Instructions for the task: Each line below should be repeated exactly, but no picture should be carried over.

Supplied information:
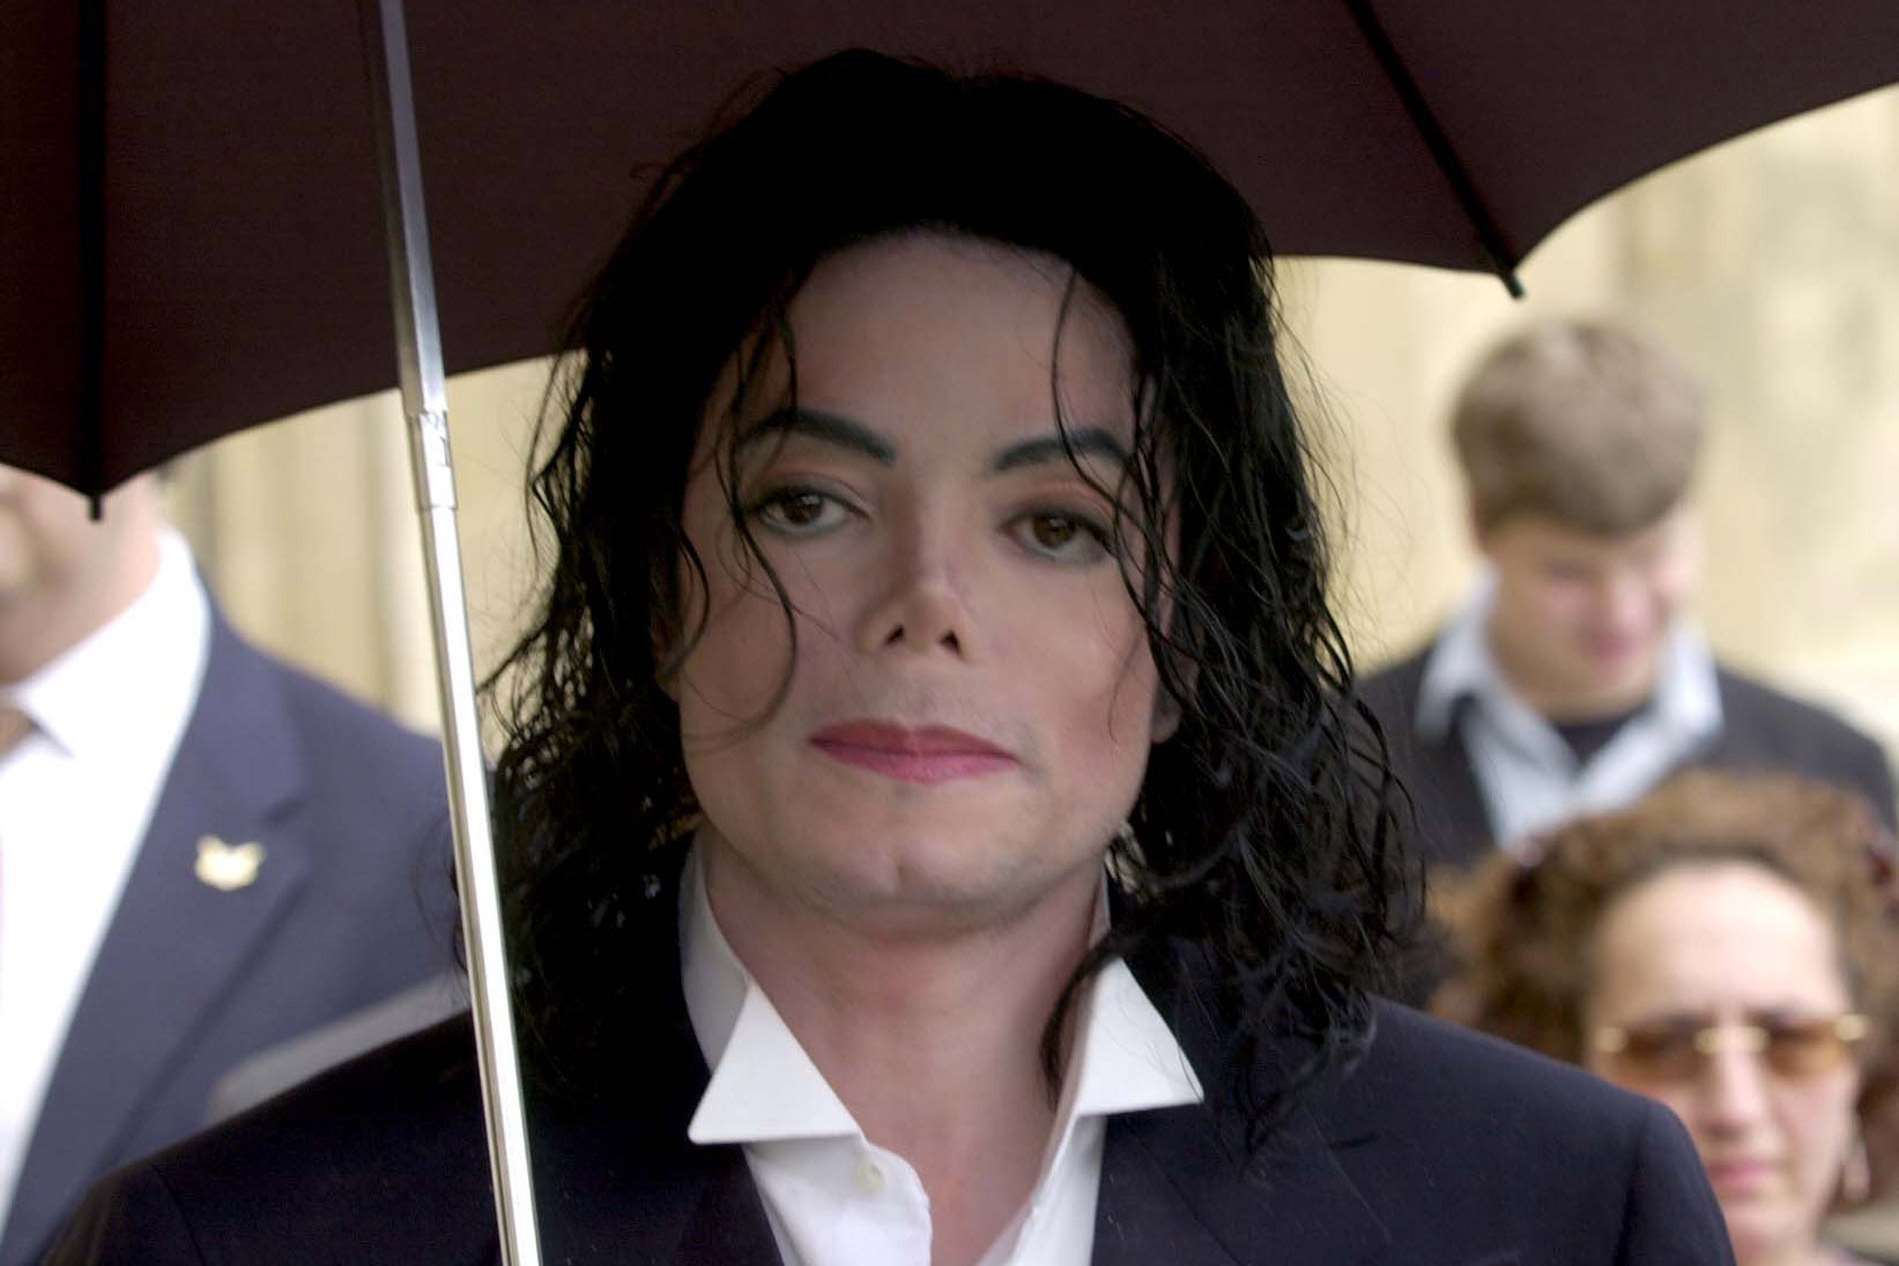 Michael Jackson is the top-earning dead celebrity, with earnings of $825m last year
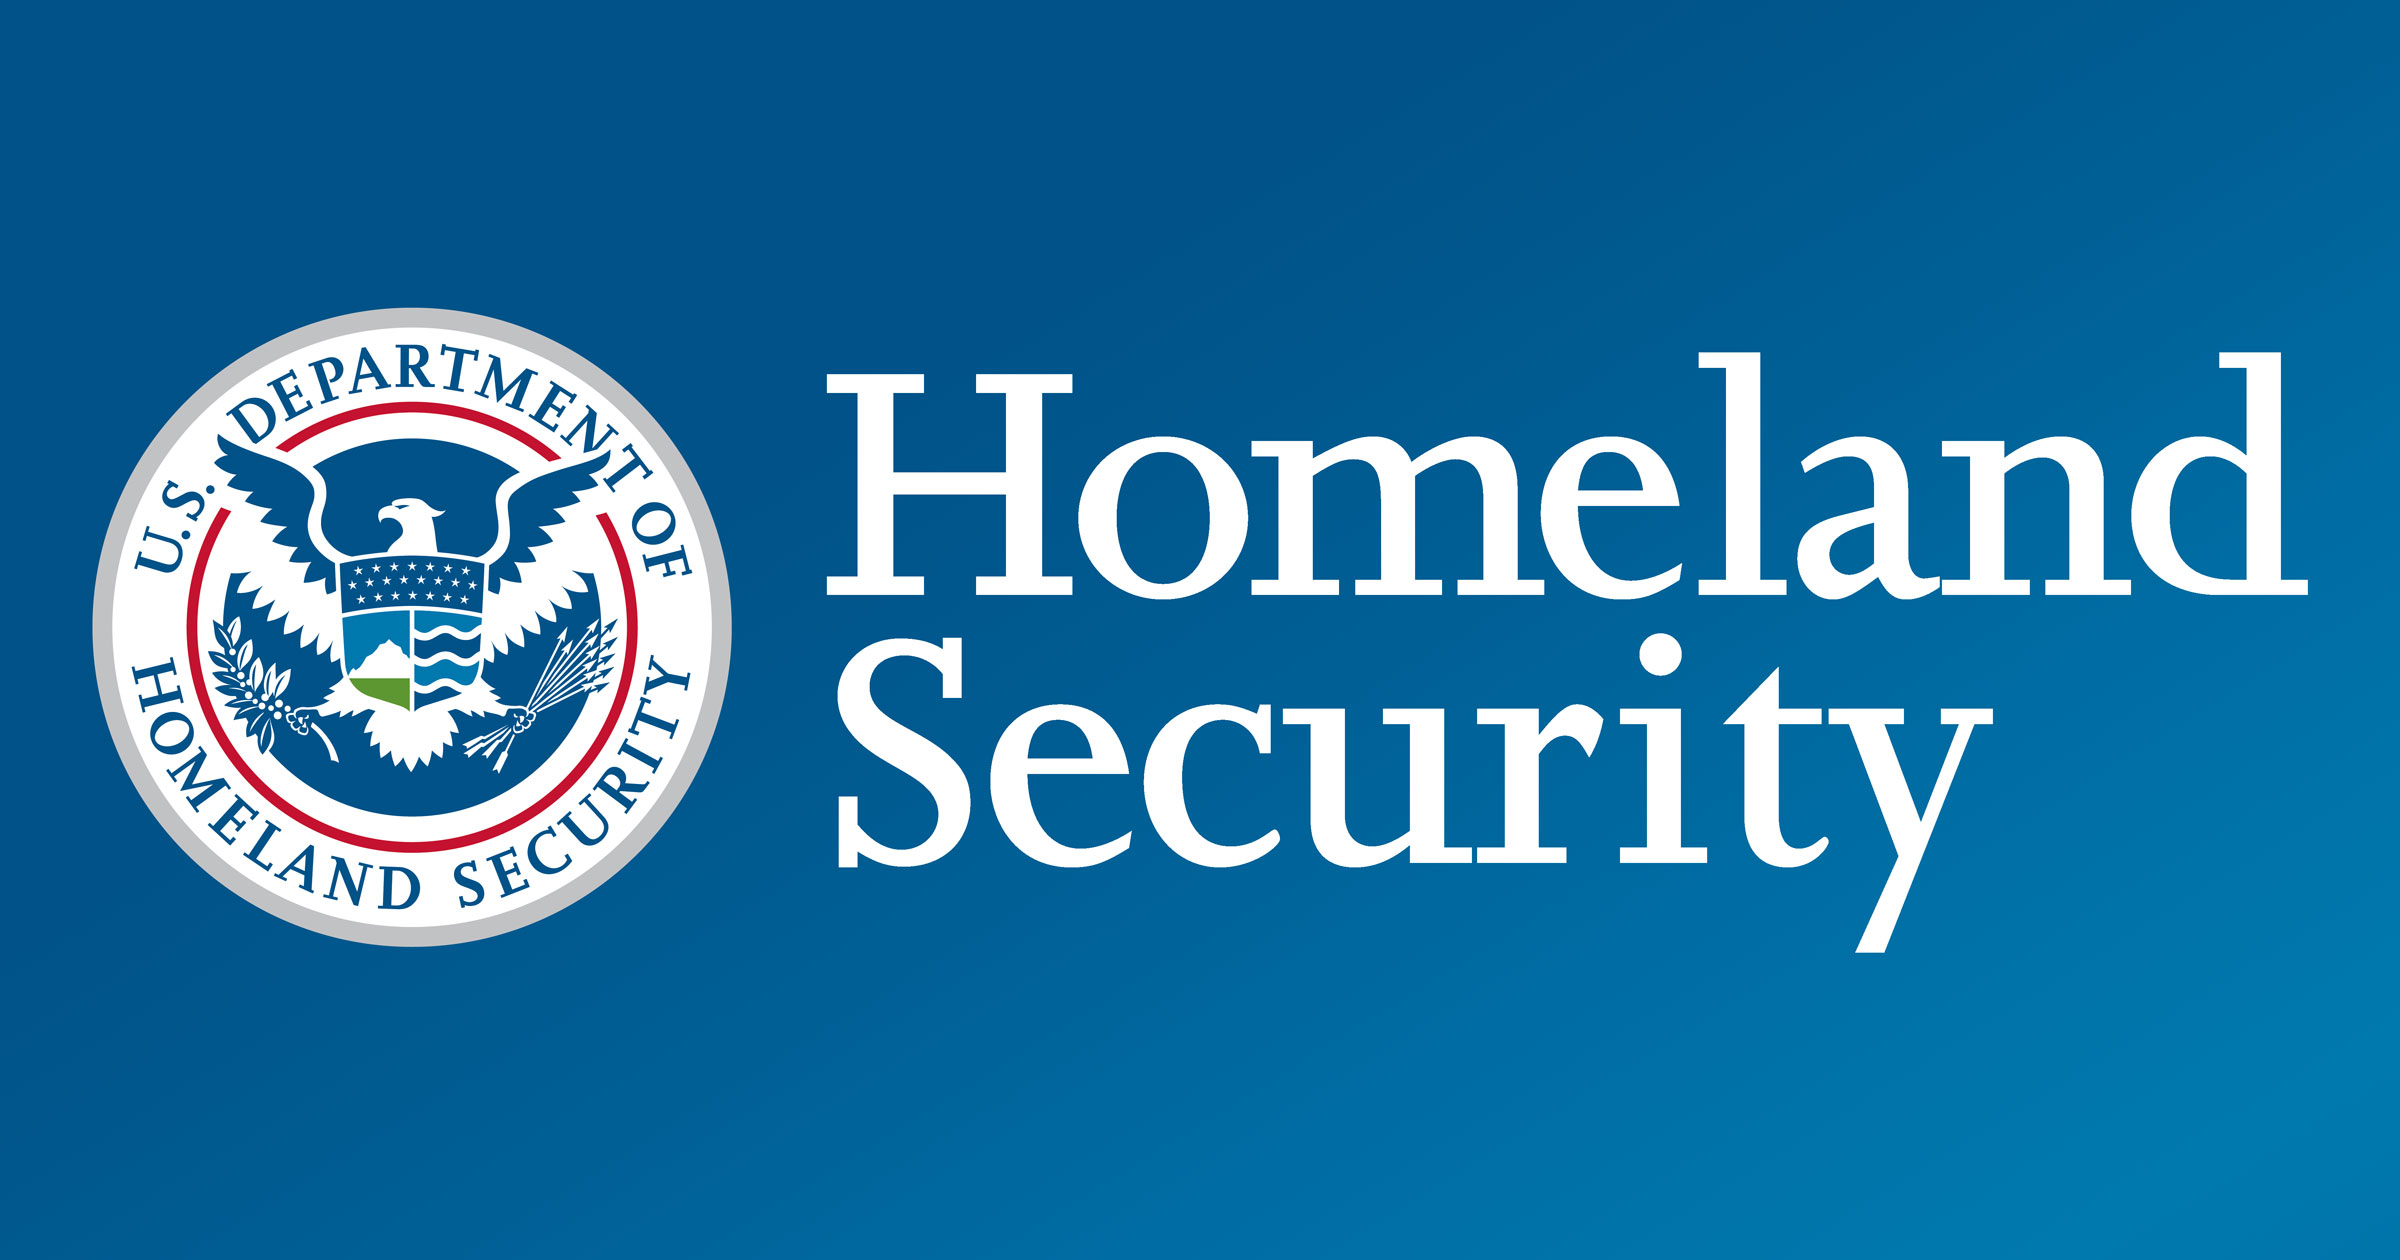 About Dhs Homeland Security
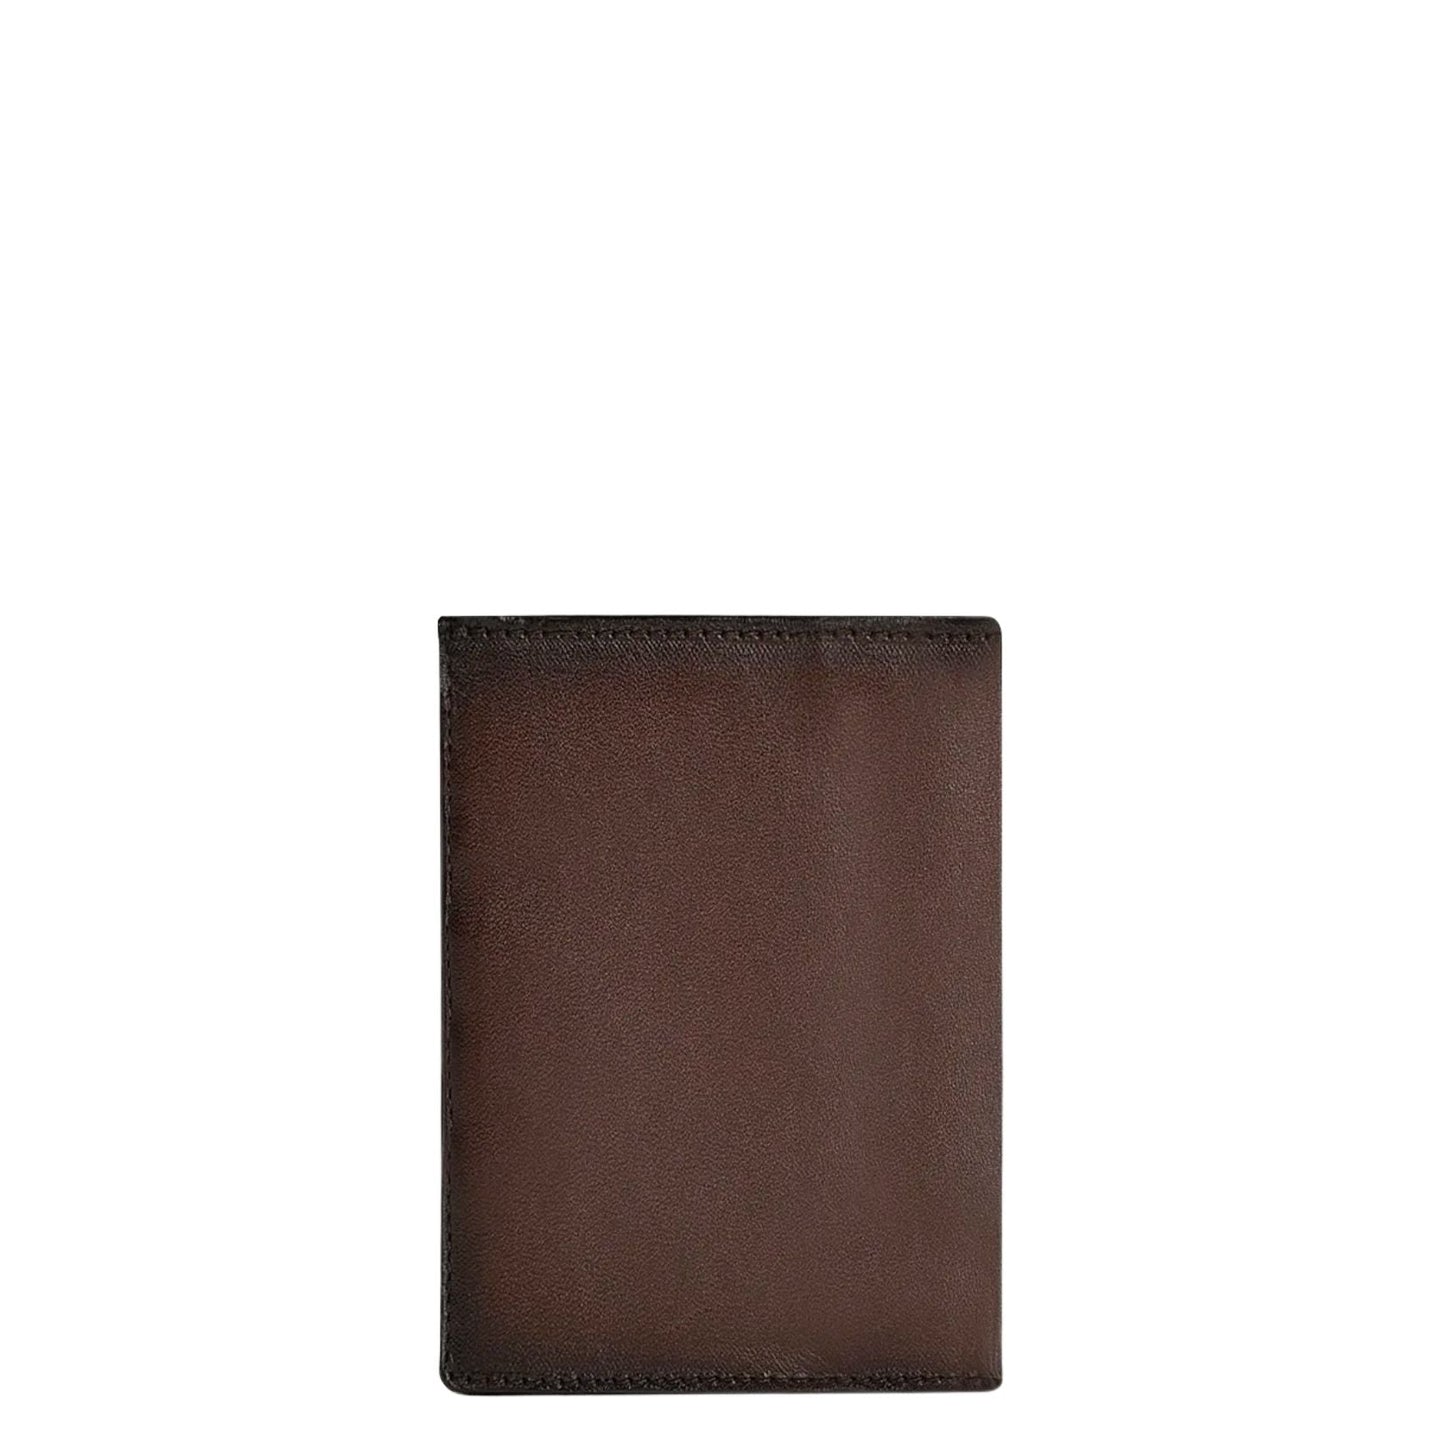 BC011NL - Cuadra maple exotic wallet in niloticus leather for men-Kuet.us

Answer section:
 Michael Jackson is the top-earning dead celebrity, with earnings of $825m last year
 About Dhs Homeland Security
 BC011NL - Cuadra maple exotic wallet in niloticus leather for men-Kuet.us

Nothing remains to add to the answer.